Closed jrs65 closed 4 years ago

jrs65 commented 6 years ago

Spherical polar coordinates (r, theta, phi) are defined such that z = r cos(theta), i.e. theta is an angle measured from the polar axis to the vector pointing at the given position. The routine to_polar returns the latitude instead (i.e. the angle from equatorial plane). This is unexpected from the name, and also violates the cited ISO-31-11 which defines spherical coordinates in the standard manner.

There's only seven calls in total to to_polar so I don't think it would be that much of an issue to change them all to some new convention. Given that the existing call basically calculates the most useful quantities for astronomical coordinates it probably makes sense to use that, but call it something other than to_polar (e.g. xyz_to_radec). I'd probably rearrange the return value order to (r, ra, dec) (as opposed to the currentr, dec, ra) which turns it back into a right handed coordinate system.

I can probably fix these and send in a PR if this makes sense.

brandon-rhodes commented 6 years ago

Good question! Skyfield uses the convention from Physics, not astronomy; for the difference, see:

https://en.wikipedia.org/wiki/Spherical_coordinate_system

I had hoped to stave off confusion on this point by referencing the relevant ISO standard, which specifies the meaning and exact order of the parameters, right in the docstring; I'll go expand the docstring with more explanation since it didn't wind up being enough. I'll include the wikipedia link, too. Let me know if there are other links or phrases that might help folks keep straight which convention has been chosen — thanks!

jrs65 commented 6 years ago

Sure, but the problem is that to_polar doesn't actually use the convention from physics. It gets the polar angle incorrect. If it was using the convention from physics functions.py:L56 should be theta = arccos(z / r).

brandon-rhodes commented 6 years ago

Ah — so you're also concerned about the difference between the astrometric way of measuring "latitude" (up and down from the equator), versus the approach of measuring it from the pole?

jrs65 commented 6 years ago

Exactly. Only the latter set would be considered correct spherical coordinates by the ISO standard or the "physics convention". In particular it's super confusing to label what is technically latitude theta.

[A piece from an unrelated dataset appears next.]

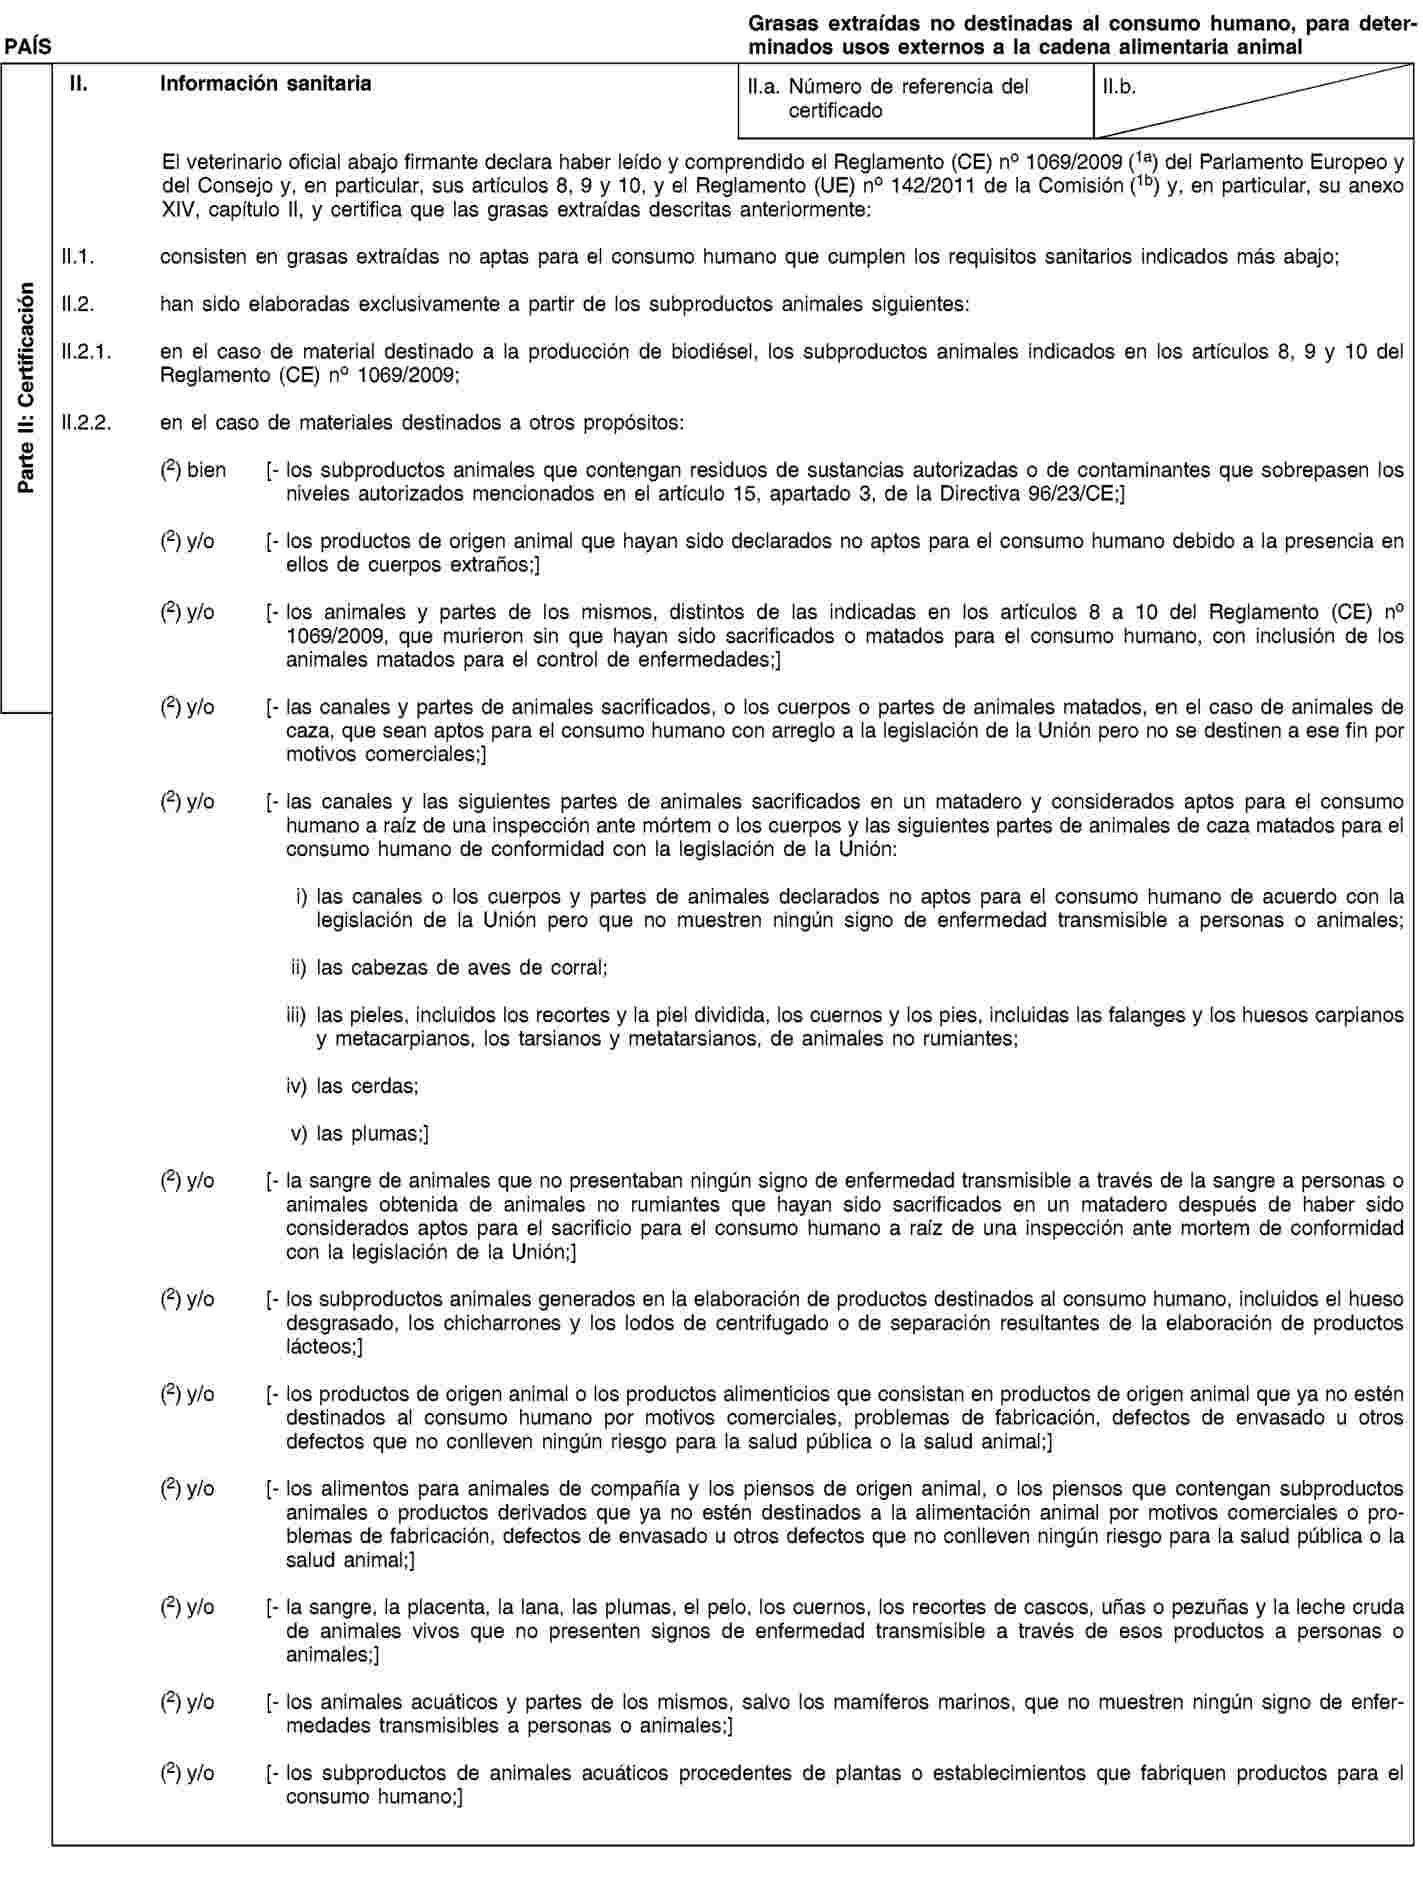 Imagen: https://eur-lex.europa.eu/resource.html?uri=uriserv:OJ.L_.2011.054.01.0001.01.SPA.xhtml.L_2011054ES.01021101.tif.jpg

brandon-rhodes commented 6 years ago

I'll re-open this issue and at the very least document more clearly the difference. I can't change the call signature without breaking folks's working code, I don't think.

brandon-rhodes commented 6 years ago

Oh, I know what I can do. Introduce routines with spherical in the name instead of polar and have them do the right thing; then mark the polar ones as deprecated :)

I'll look at what it would do the code.

jrs65 commented 6 years ago

Great. I think that solution makes a lot of sense, I wasn't thinking about the case that folks might make use of that routine externally!

brandon-rhodes commented 6 years ago

Looking at all of the uses of the polar routines in the code, it looks to me like having the spherical routines deal with theta will just generate work everywhere, since what all the outer routines need is a latitude-ish number, not a number measured from the pole. So I'm likely to name the parameters in and out of the new routines lat and lon unless we can come up with something better (I thought for a minute about longish and lattish but that would be difficult to parse.)

brandon-rhodes commented 6 years ago

And if I do that I wonder if I should put distance last, to match everything else? If I'm not doing ISO, why not match everything else in the code?

Any votes one way or the other?

brandon-rhodes commented 4 years ago

(See the commit, above, for my decision and rationale. Thanks!)